Article 181 of the Income Tax Law ("ITL") establishes the requirements that must be met in order to consider that taxpayers are performing maquila operations eligible for the transfer pricing safe harbor. Among these requirements, the ITL states that the maquiladora's entire productive activity must derive exclusively from maquila transactions, without providing further detail.

Rule I.3.19.1 of the General Administrative Guidelines for 2014 (the "Rule"), initially provided ambiguous guidelines which caused significant confusion regarding the activities that would be deemed compliant maquila activities. To avoid this confusion, on July 4, 2014 the Second Amendments to such Rulings were published, establishing a list of the activities which would be construed as active maquila activities, thus clarifying such safe harbor maquila concept.

The list of eligible activities deemed maquila related productive activities are:

a) Personnel services, provided by the maquiladora to its related entities.
b) Leasing of movable and real property;
c) Selling waste & shrinkage of material used in its productive activities;
d) Sale of movable assets (excluding inventory and finished products) and real property;
e) Interests; and
f) Other income related to its productive activity, provided these are different from the ones obtained from the sale and distribution of finished products for its further resale.

The foregoing activities are subject to the following requirements:

1. That the amount of income for performing personnel services; leasing movable and real property; selling waste; interests received and other income related to its productive activity, cannot jointly exceed 10% of the total amount of income received for the maquila operations.

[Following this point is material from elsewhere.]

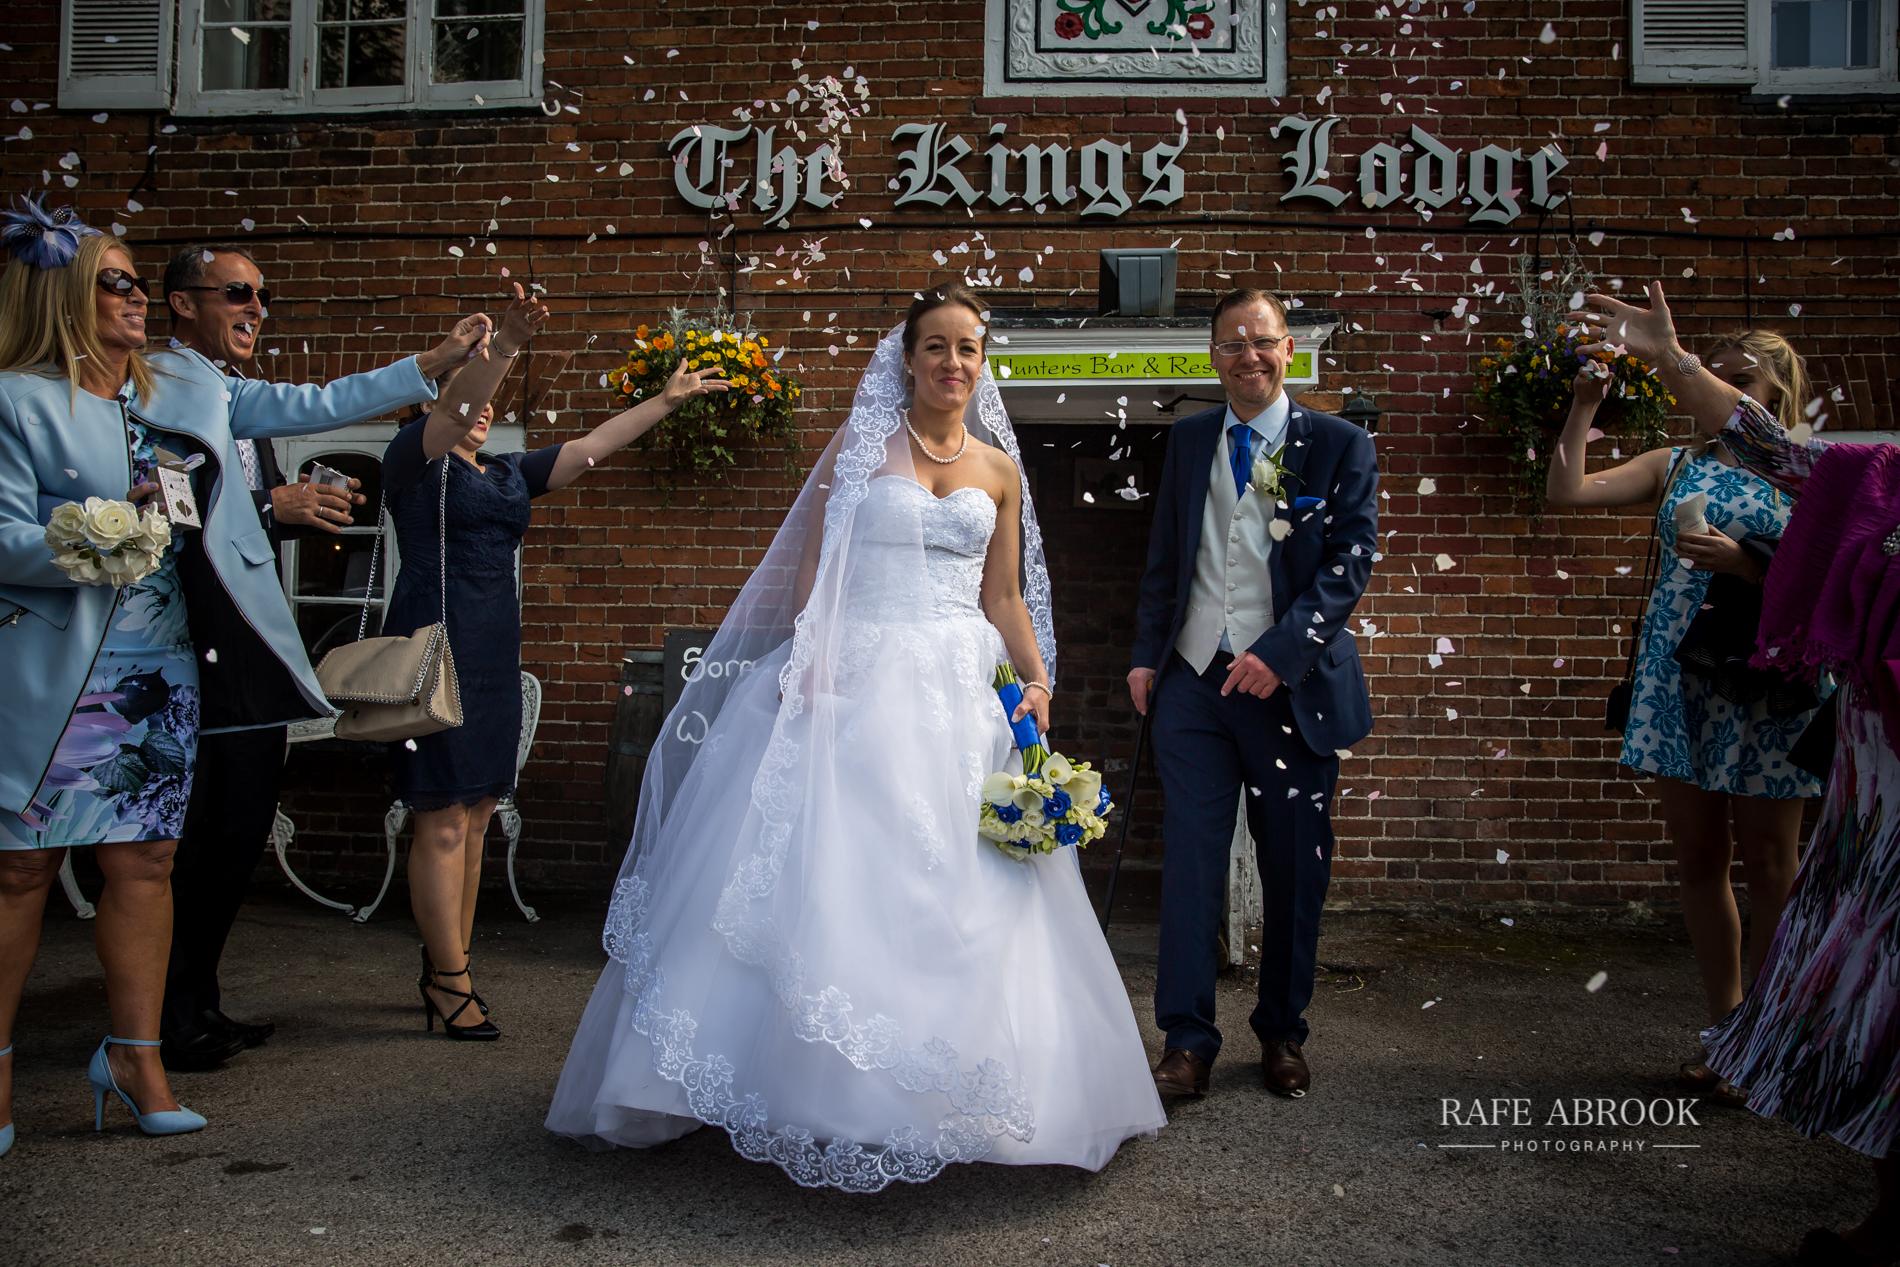 agnes & laurence wedding kings lodge hotel kings langley hertfordshire-1213.jpg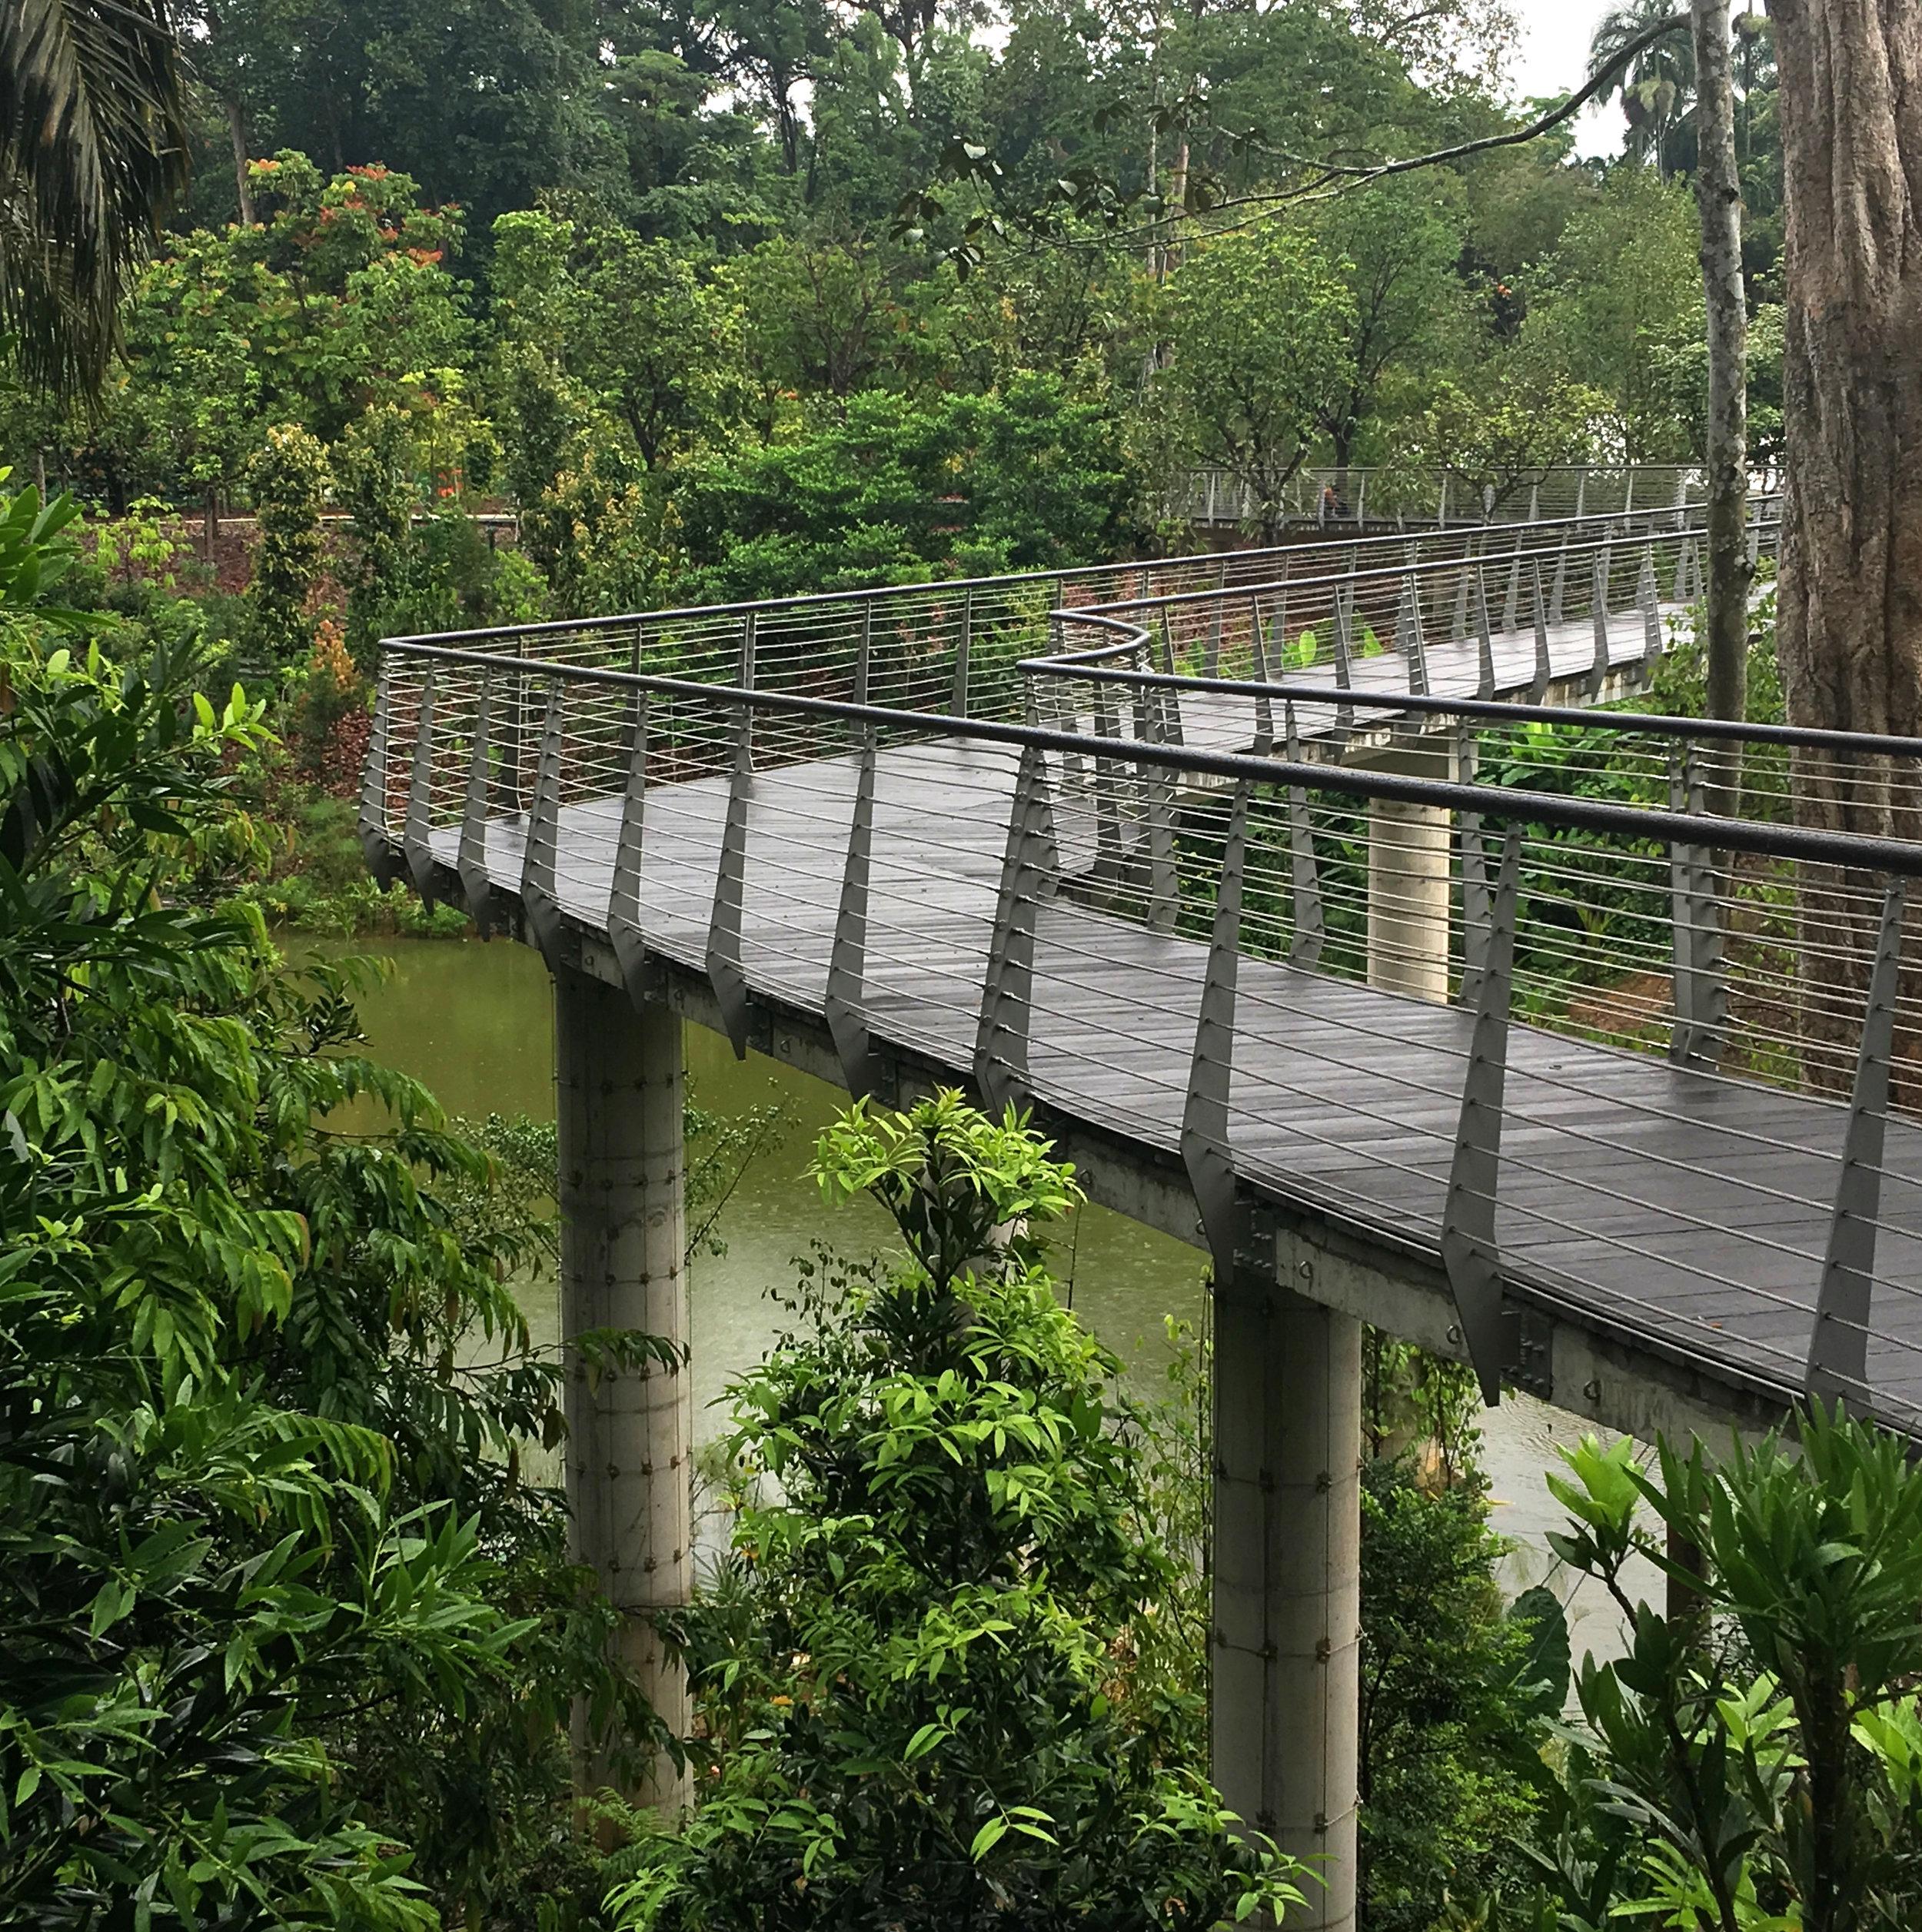 HIgh level walkway over wetlands

2. That accounting records that correspond to maquila operations must be segregated from the rest of the transactions related with such operations, and the companies that enter into such transactions must be clearly identified.

3. That the aforementioned income must be at arm's length and a transfer pricing study evidencing such arm's length pricing must be produced pursuant to the Income Tax Law.

4. The informative return of manufacturing and maquiladoras entities, as well as companies performing export services (DIEMSE), contains the corresponding information to this type of income, identifiable by each type of income.

Regarding income for the sale of movable and real property, the Maquiladora entity will submit a writ detailing the business reason that gave rise to such transaction and identifying the amount and percentage that this transaction represents from the total of income received for maquila operations, among other requirements.

If income from the lease of movable and real property is obtained from non-related parties, the maquiladora entity shall have a maximum term of three years to conclude this transaction. Such term shall be computed since the date of lease established in the agreement and may not be extended beyond three years, except in the case of "Force Majeure and Acts of God". This term is not applicable to the maquiladora entity that entered into lease agreements before January 1st, 2014 in which a longer term is established therein. In any case, the term of these agreements may not be extended.

The maquiladora entities cannot benefit from the safe harbor options set forth in Article 182 of the FITL (i.e. 6.9% of assets, 6.5% of expenses or APA), nor the benefit of the 100% deduction for fringe benefit payments which are considered an exempt item of income, set forth in the First Article of the Decree published on December 26, 2013, to the income related to maquila transactions listed hereinafter.